Keluarga besar Masthuroh akhirnya mengakui jika Kaca merupakan Raja Panditha. Hanya, mereka menolak jika makam leluhurnya dipindahkan ke Malinau seperti permintaan masyarakat Suku Tidung di Kalimantan. "Nanti bagaimana kalau mau ziarah,"katanya.
Setelah berembuk, keluarga besar baik dari Malinau maupun Pulau Tidung sepakat untuk memindahkan makam sang raja ke makam yang lebih layak. Prosesi adat pun dilakukan. Tetarian dan senjata tradisional Tidung ditampilkan. Tiga bupati mengiringi upacara pemindahan makam itu hingga akhirnya menjadi seperti sekarang.
Kata Masthuroh, Raja Panditha merupakan pelarian Belanda. Sikap tegas sang raja untuk menolak mengakui Belanda sebagai pemerintah yang sah di bumi Malinau membuatnya harus terusir. Dia sempat diasingkan ke Banjar kemudian dipindahkan ke Jepara. Setelah itu, Raja Panditha dikirim ke Batavia. "Dari Batavia itu mungkin dia lari ke sini,"katanya.

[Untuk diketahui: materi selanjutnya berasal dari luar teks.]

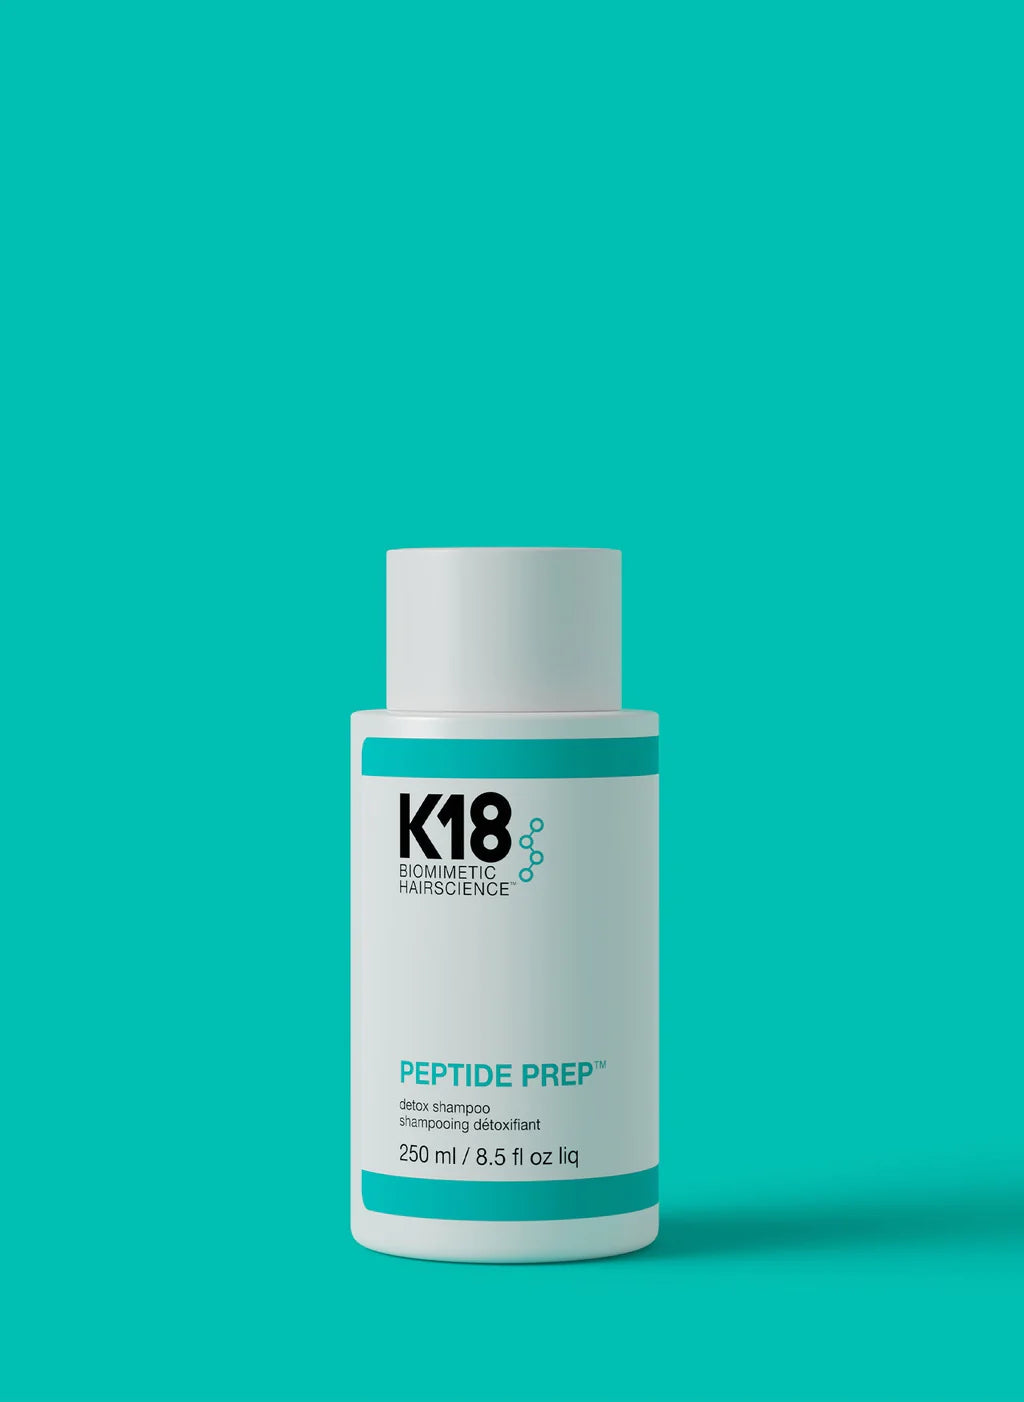 K18 Biomimetic Hairscience Peptide Prep Clarifying Detox Shampoo

Sebagai pelarian, sang raja benar-benar menutup jati dirinya saat tinggal di pulau. Dia mengaku berasal dari Banjar, bukan Malinau. Raja juga menggunakan nama kecilnya, Kaca, yang tak pernah diketahui Belanda. Sampai kepada keluarganya, raja tidak pernah mengisahkan darimana sebenarnya dia berasal.
Karena itu, Masthuroh mengungkapkan, sulit untuk mencari bekas-bekas budaya Tidung di pulau itu. Untuk makanan pun, Kaca tidak mewariskan resep spesial. Masthuroh hanya mengingat pindang ikan asam garam sebagai makanan warisan keluarga. Boleh jadi resep itu menjadi satu warisan suku Tidung yang dibawa Kaca. Karena saat diundang ke Malinau, Masthuroh mengaku melihat resep yang mirip dengan pindang di Pulau Tidung.
Masthuroh dan Wak Ale mengapresiasi gerakan anak muda Pulau Tidung yang menggelar festival berisi seni dan budaya juga kuliner tradisional. Buat mereka, apa yang dilakukan Ghozali, Andi Hakim dan kawan-kawannya dapat menjadi pemantik pencarian akar budaya nenek moyang. Meski jejak warisan itu pun sulit ditemukan, mereka berharap festival itu menjadi awal hidupnya obor budaya untuk suku-suku di Tidung.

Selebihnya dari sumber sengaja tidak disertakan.